Consensus and Leader Election

Use kuilt-raft when every peer must agree on what happens next, in exactly the same order.

At a high level, this gives your session one current leader and a shared decision log that every node applies in lockstep.

Use it for turn order, locks, and durable workflow steps — situations where peers disagreeing would be a correctness bug, not just an inconvenience.

Under the hood this is the Raft consensus algorithm, a well-studied approach to leader election and log replication across a cluster of peers.

Transport independence

RaftTransport is a plain interface. Raft can run over your own messaging layer without any other kuilt module.

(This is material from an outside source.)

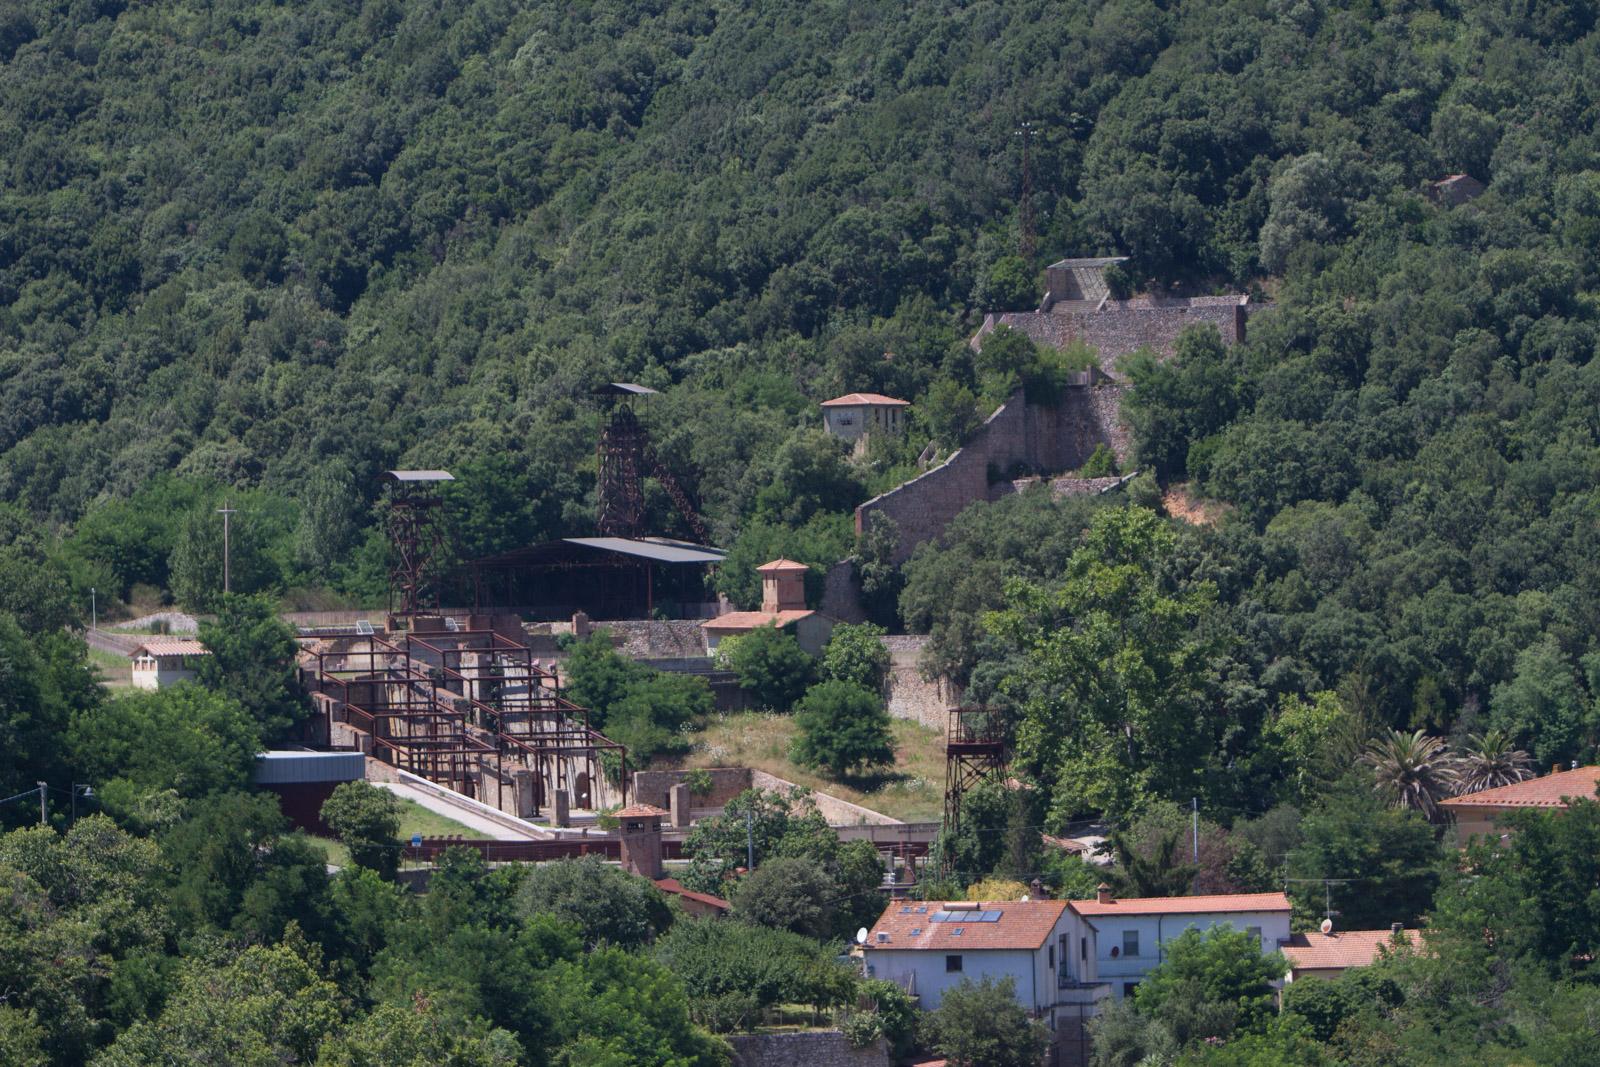 Nelle vicinanze troverete l'ex sito minerario di Ravi_Marchi.

The bundled SeamRaftTransport wraps a kuilt Seam for the common case:

val seam: Seam = loom.host(Pattern("raft-cluster"))
val transport = SeamRaftTransport(seam)

Implement RaftTransport directly to plug in WebRTC, gRPC, or another transport.

What's included

Feature	Notes
Leader election + PreVote	PreVote prevents disruptive elections from partitioned nodes
Log replication	Leader replicates entries; followers commit once quorum confirms
Log compaction	Publish a snapshot into `node.snapshots`; Raft discards covered log entries and catches lagging peers up with chunked `InstallSnapshot`
Dynamic membership	`changeMembership()` — add/remove voters via joint consensus (§6) or simple config for learner-set-only changes
Linearizable reads	`readIndex()` confirms a voter quorum at current term before returning a safe read index (§3.6/§3.7); no log write required
Graceful leadership transfer	`transferLeadership(target)` sends `TimeoutNow` to the target so it wins the next election without waiting for a timeout (§3.10)
Propose forwarding	Any peer can call `propose()` — non-leaders forward the proposal to the current leader and await commit, so callers need not track who the leader is
Learner nodes	Non-voting replicas that receive all entries but never lead

Quick start

val cluster = ClusterConfig.ofVoters(listOf(NodeId("a"), NodeId("b"), NodeId("c")))
val storage = InMemoryRaftStorage()   // use persistent storage in production

val node: RaftNode = scope.raftNode(cluster, transport, storage)

// Apply committed entries on every node:
scope.launch {
    node.committed.collect { committed ->
        when (committed) {
            is Committed.Entry   -> applyToStateMachine(committed.entry.command)
            is Committed.Install -> resetStateMachineTo(committed.snapshot.state)
        }
    }
}

// Propose from any peer — forwarded to the leader if needed:
val entry: LogEntry = node.propose("set x=1".encodeToByteArray())

raftNode is a CoroutineScope extension, so the node's lifetime is tied to the scope.

Turn-based game facade

kuilt-game provides two layers on top of RaftNode:

Bootstrap — gameHost/gameJoin/gameNode

These three functions are the recommended entry point. They wrap a plain Seam, set up internal multiplexing (Raft channel + app-envelope channel over one connection), and return a GameSession:

gameHost(seam, peerCount) — one peer per session; detects duplicate hosts, bootstraps a singleton-voter cluster, and admits each joiner until the roster reaches peerCount.
gameJoin(seam) — all other peers; announces itself, then waits to be promoted from learner to voter.
gameNode(seam, voterIds) — roster-given bootstrap: every peer passes the same voter set (known up-front, e.g. from matchmaking) and Raft elects the leader symmetrically, with no appoint-the-host step.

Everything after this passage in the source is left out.